Ask HN: What podcasts do you subscribe to? - dawie

I used to follow quite a few podcasts, but I haven't in a year or two. I want to load some up again, but would like some recommendations.
======
nir
Most of the Long New Foundation's seminars are excellent:
<http://longnow.org/projects/seminars/>

The New Yorker Out Loud has its moments:
<http://www.newyorker.com/online/podcasts/outloud>

The Moth' stories are great for passing that subway ride home:
<http://www.themoth.org/podcast>

BBC's From Our Own Correspondent is pretty good too:
<http://www.bbc.co.uk/radio/podcasts/fooc/>

"Open Source Radio" (nothing to do with open source, except hijacking the term
to sound "hip") used to be pretty good, but lately it's been like listening to
a podcast by Reddit. Still, they might get some sense back (or you might like
Reddit): <http://www.radioopensource.org/>

------
trevelyan
Our own! <http://popupchinese.com>

There are podcasts that teach other languages of differing quality. In any
case, the online+podcast approach is a much more effective way to learn than
using a traditional book & tape, or even going to a classroom once or twice a
week.

One point -- don't be shy about repeating words and phrases out loud while you
listen though.
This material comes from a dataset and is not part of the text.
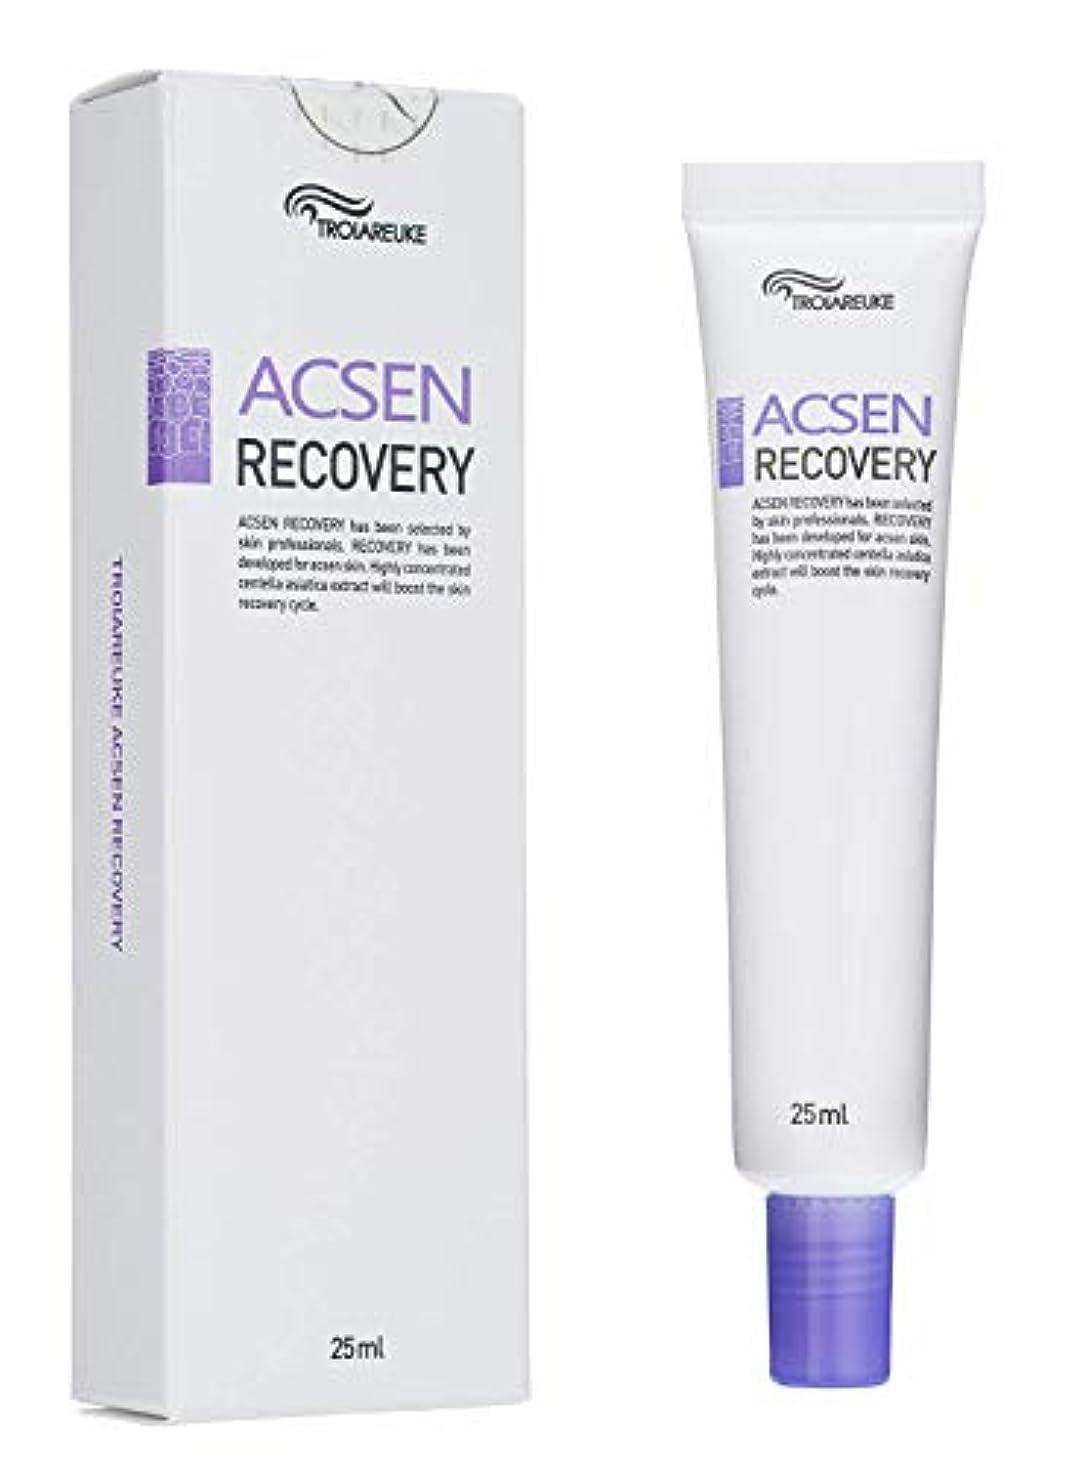 パーティション雪だるまトランスペアレントTROIAREUKE(トロイアルケ) アクセン リカバリー クリーム/Acsen Recovery Cream(25ml) [並行輸入品]
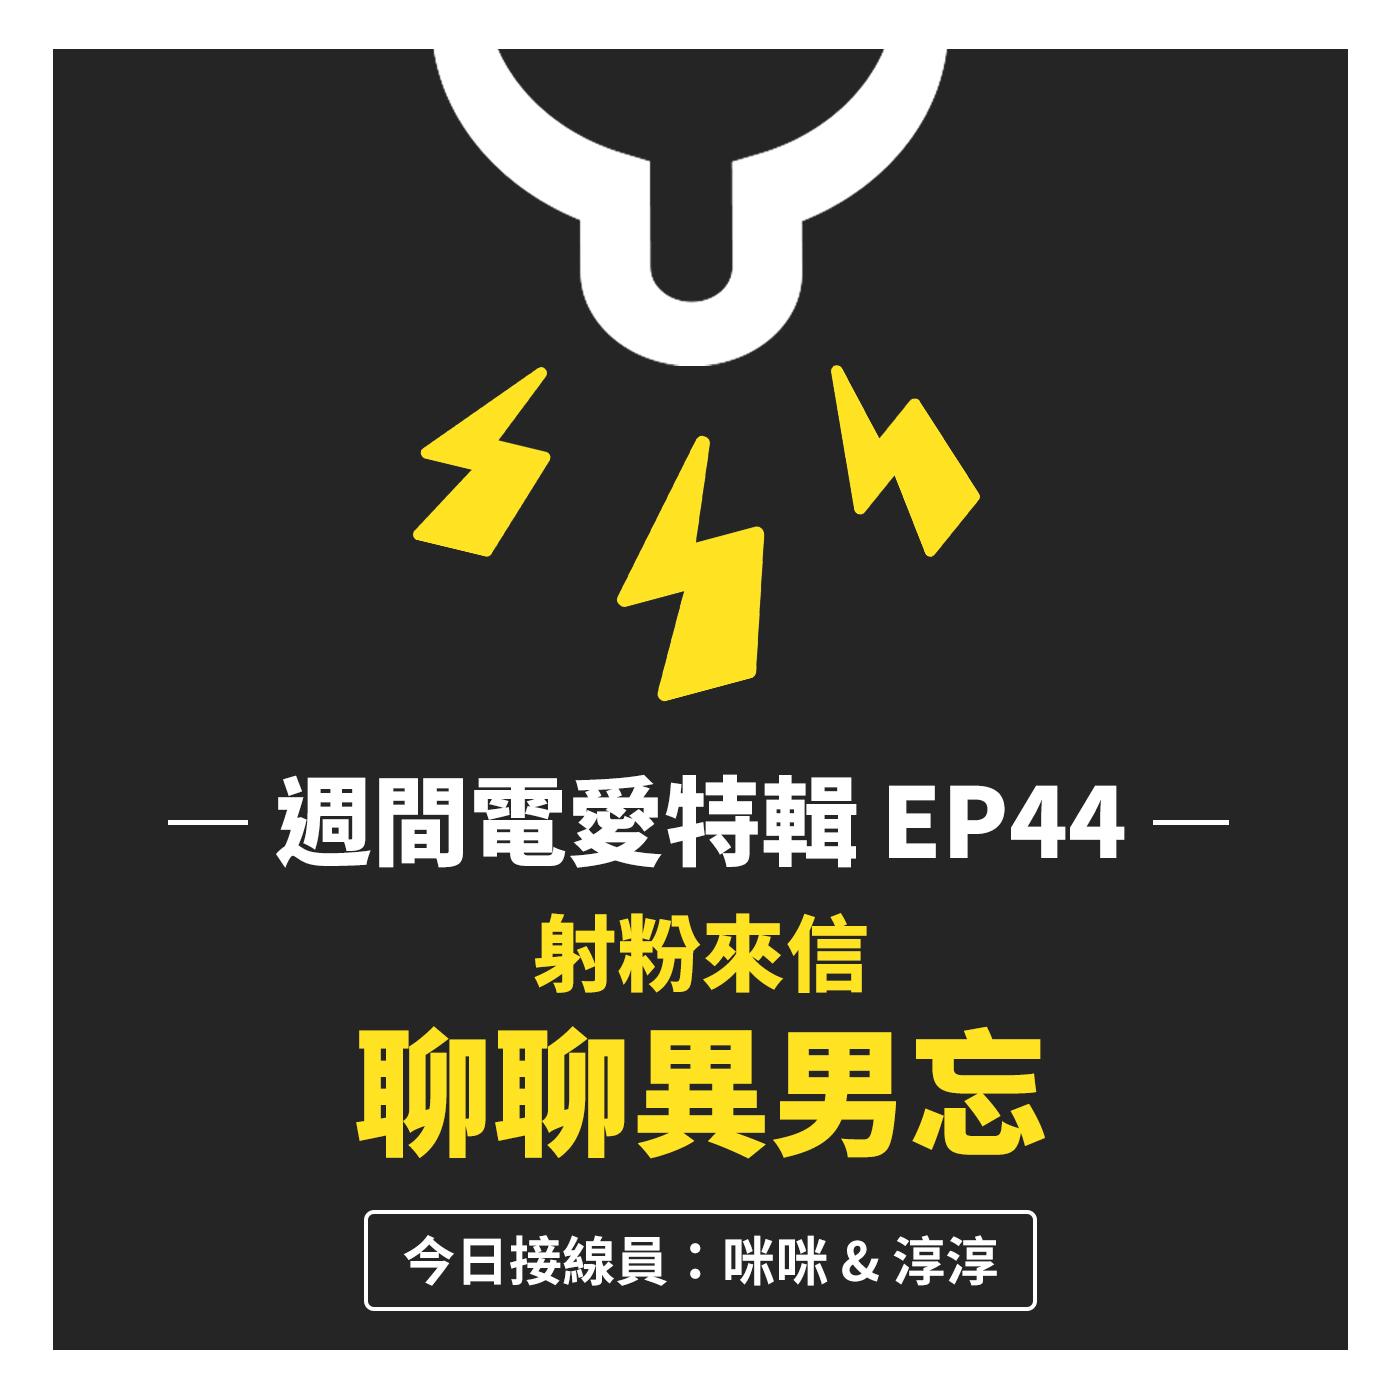 [週間電愛特輯] EP44 射粉來信 - 聊聊異男忘

If you're just listening it takes much longer to internalize
the content, especially for adults.

------
drRoflol
Java Posse, Drunk and Retired, and StackOverflow for IT-stuff.

1-UP (games), Dan Carlin's hardcore history (history podcast) and Common sense
with Dan Carlin (politics) for fun;)

------
ThomPete
<http://itc.conversationsnetwork.org/>

And spokenword.org (more than 80K podcasts)

------
Sephr
The 404 and the Onion.